Although this specific vogue for verdure is new, the world of beauty and fashion has long been obsessed with the natural world. The V&A’s ‘Balenciaga: Shaping Fashion’ exhibition includes a pink evening dress made for actress Ava Gardener in 1965 and named ‘La Tulipe’, as the shape takes inspiration from the flower of the same name. Internationally acclaimed photographer Nick Knight supports the theory, quoting ‘Flowers have always been a huge influence and inspiration in the art of fashion and design’.

 

The evidence sits in the forty fashion illustrations that he commissioned for the current exhibition at SHOWstudio in Belgravia. Running until 22nd July 2017, ‘Fashion Flora’ explores the use of flowers as a motif in fashion throughout the decades and celebrates pivotal moments in this relationship.

SHOWstudio's exhibition Florist (image copyright does not belong to us)

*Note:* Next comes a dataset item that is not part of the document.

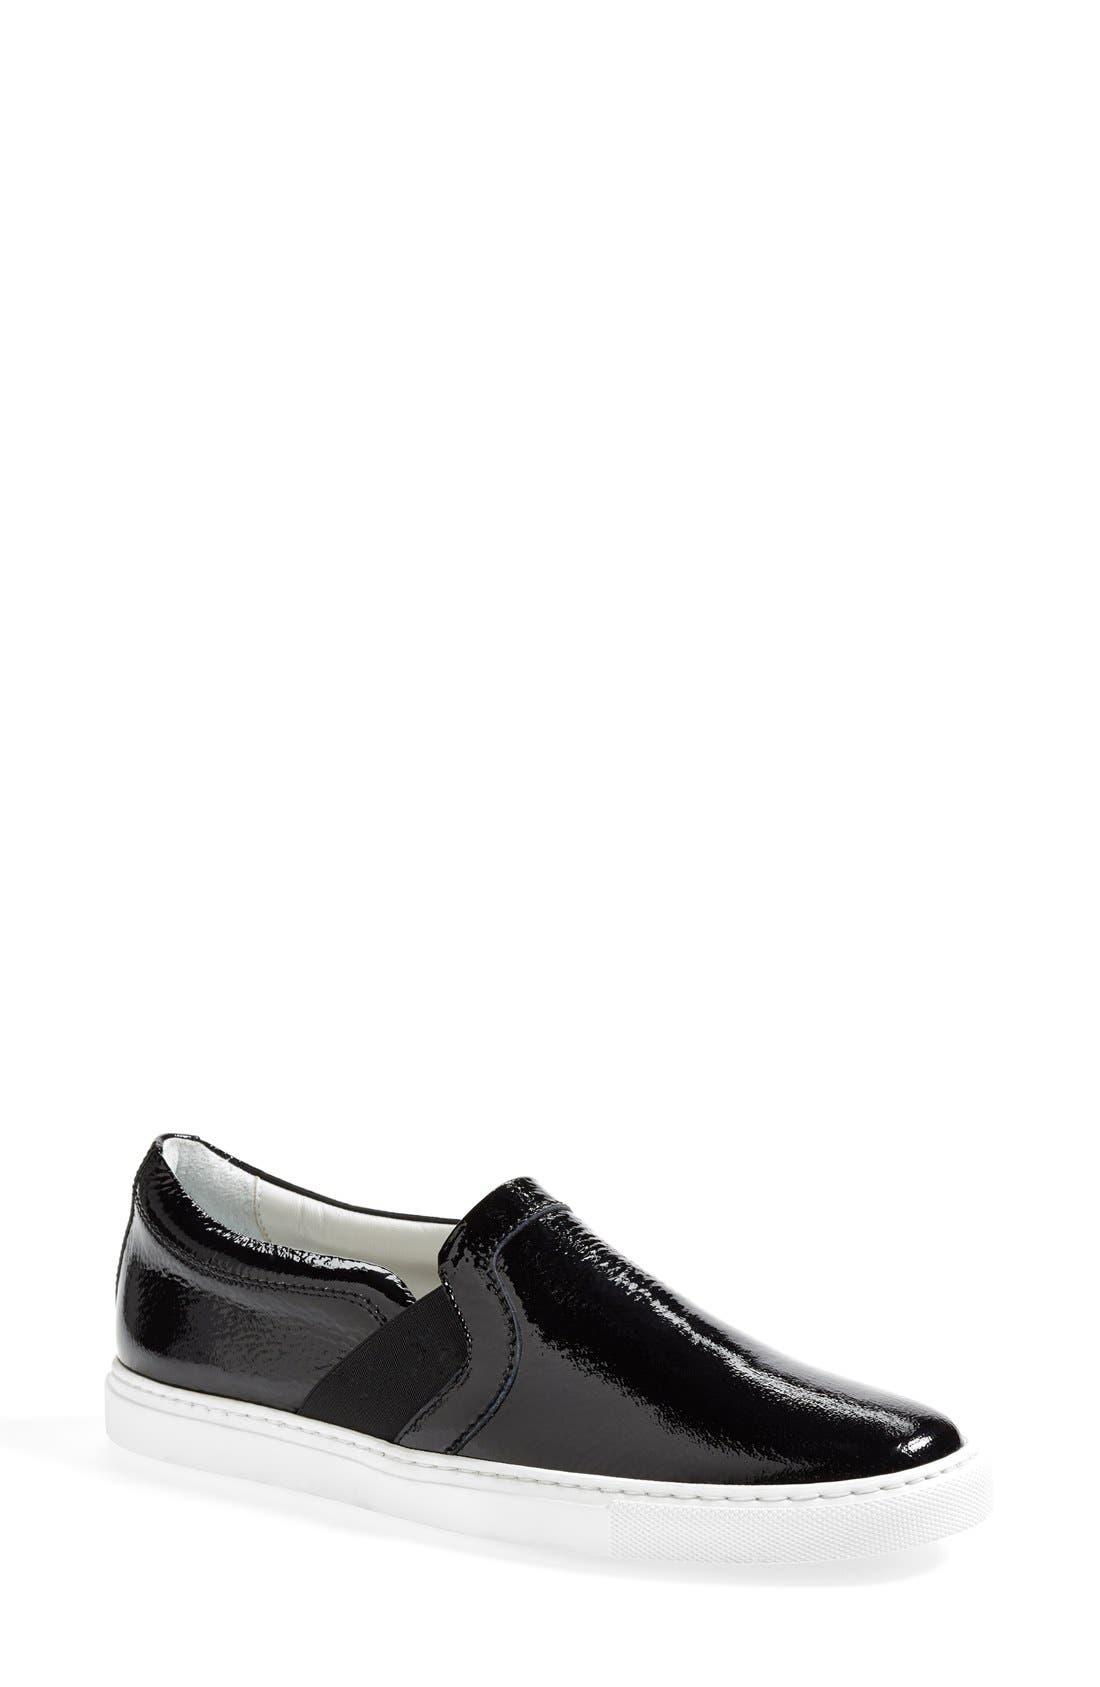 Main Image - Lanvin Patent Leather Skate Sneaker (Women)

Another well-known fashion figure who cites flowers as a source of inspiration is hair stylist Sam McKnight, who recently spoke at the Chelsea Psychic Gardens on this subject. McKnight, whose work has appeared on over a hundred Vogue covers, commented, ‘My work definitely influences the way I look at my garden. There’s something about colour, shape and form that runs through what I do for a living’.

 

 

The garden features prominently in many artists’ work from around the globe. Claude Monet, the most well-known painter of gardens (particularly his own in Giverny, France) said that he owed his painting ‘to flowers’. Yet despite being a widespread – arguably universal – theme, are gardens and flowers particularly significant in the English cultural imagination?

 

 

There’s plenty of evidence to suggest this is the case. According to the Royal Horticultural Society head of gardening advice, Guy Barter, although tending private plots is a commonplace hobby here, this isn’t the case in elsewhere; speaking in 2009, he stated, ‘Because of our climate and our culture we do garden very enthusiastically in a way that is not duplicated in other countries’. At the same time, Harvard professor Maria Schwartz argued that we as a nation express our individuality through our gardens and harbour ‘romanticised ideologies’ about these spaces. This bond, of the Englishman and his garden, weaves its way through our language too. Historically the archetypal national beauty, with creamy skin and pale hair, was known as an ‘English rose’.

Are gardens and flowers particularly significant in the English cultural imagination?

The popularity of English blooms reaches beyond our shores, with our brand of supremely English floral fashion exported globally. Once this was pioneered by Laura Ashley but now Cath Kidston, whose international retail franchise sales reached an estimated £144 million in 2014, offers a nostalgic vision of English life in which flowers are central. A quick browse of the company’s website reveals thirty one floral patterns in their women’s clothing range, with names such as ‘Regent’s Rose’, ‘Daisy Sprigs’ and ‘Oakwood Bloom’.

 

Whatever form they take, flowers and plants are as central to our wardrobes and bathroom cabinets as much as they are our homes and gardens. Poppies, peonies and other posies continue to thrive in perfume and prints, while as botanicals and succulents have their moment in the sun. Even IKEA, the firm that that famously enjoined us to ‘Chuck out our chintz’ back in the mid-1990s, are getting in on it.